IEEE Trans Med Imaging. 2012 Nov;31(11):2108-19. doi: 10.1109/TMI.2012.2213304. Epub 2012 Aug 15.
The long-standing interior problem has important mathematical and practical implications. The recently developed interior tomography methods have produced encouraging results. A particular scenario for theoretically exact interior reconstruction from truncated projections is that there is a known sub-region in the ROI. In this paper, we improve a novel continuous singular value decomposition (SVD) method for interior reconstruction assuming a known sub-region. First, two sets of orthogonal eigen-functions are calculated for the Hilbert and image spaces respectively. Then, after the interior Hilbert data are calculated from projection data through the ROI, they are projected onto the eigen-functions in the Hilbert space, and an interior image is recovered by a linear combination of the eigen-functions with the resulting coefficients. Finally, the interior image is compensated for the ambiguity due to the null space utilizing the prior sub-region knowledge. Experiments with simulated and real data demonstrate the advantages of our approach relative to the POCS type interior reconstructions.
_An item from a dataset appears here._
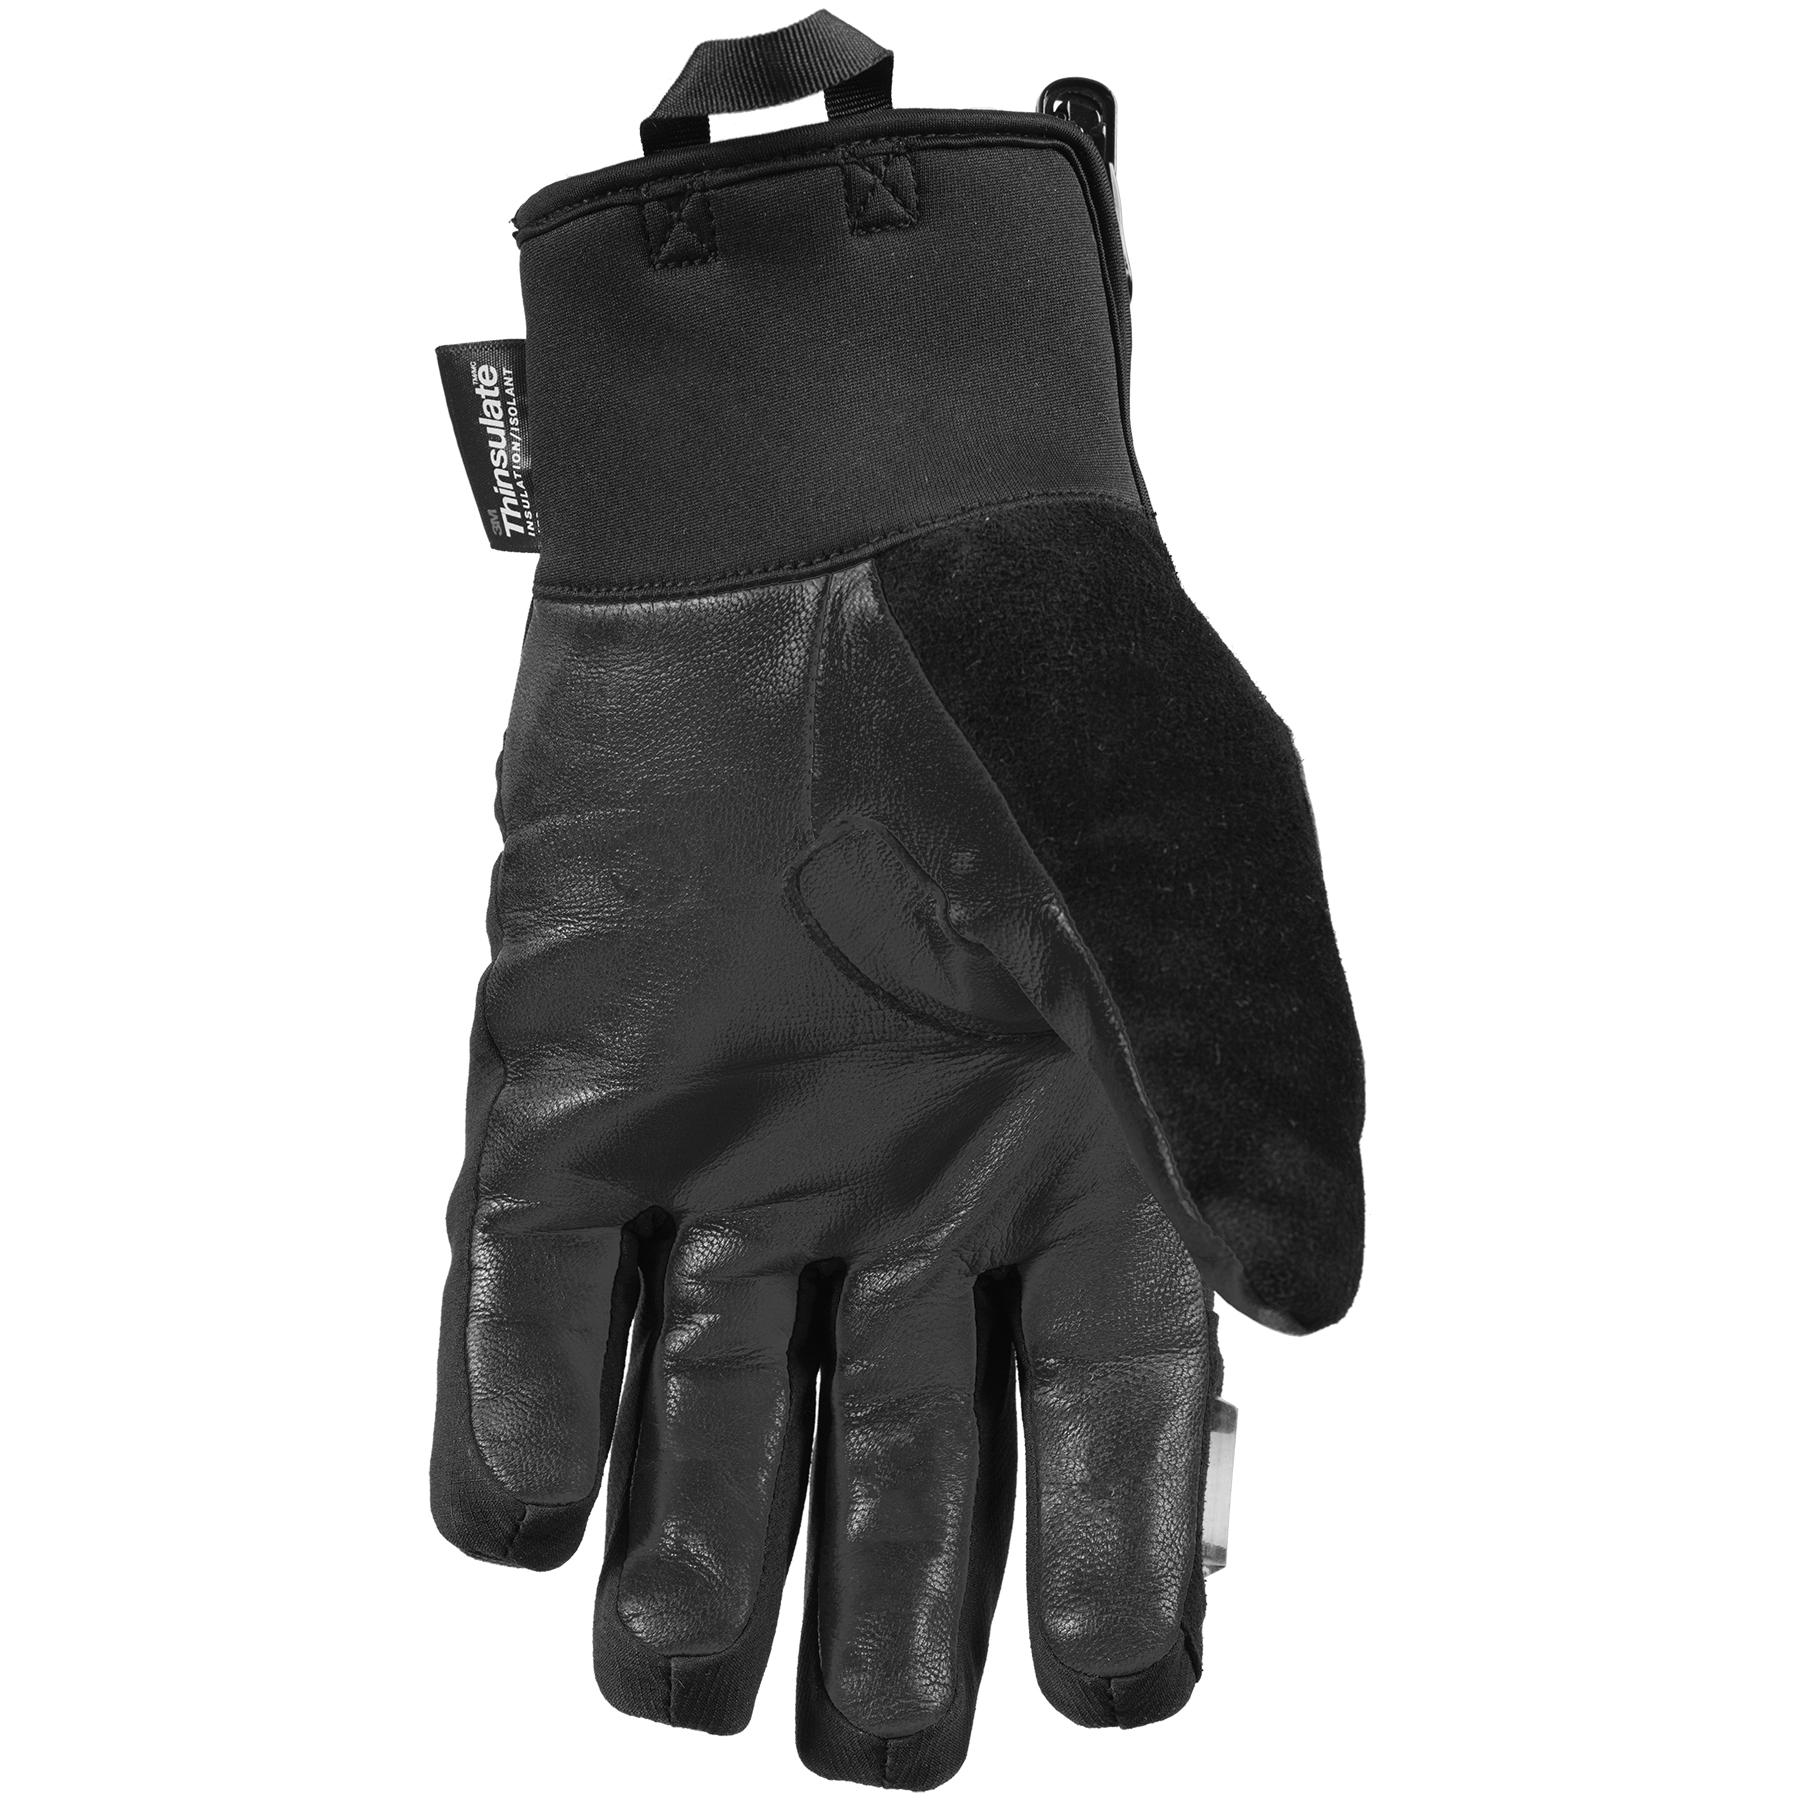 FXR-Transfer-Short-Cuff-Snowmobile-Glove-Black miniature 4

长期存在的内部问题具有重要的数学和实际意义。最近开发的内部层析成像方法取得了令人鼓舞的结果。从截断投影进行理论上精确的内部重建的一个特殊情况是 ROI 中有一个已知的子区域。在本文中,我们改进了一种新的连续奇异值分解 (SVD) 方法,用于假设已知子区域的内部重建。首先,分别为 Hilbert 空间和图像空间计算两组正交特征函数。然后,通过 ROI 从投影数据计算内部 Hilbert 数据后,将其投影到 Hilbert 空间中的特征函数上,并通过具有所得系数的特征函数的线性组合来恢复内部图像。最后,利用先验子区域知识补偿由于零空间引起的歧义。模拟和真实数据的实验表明,我们的方法相对于 POCS 类型的内部重建具有优势。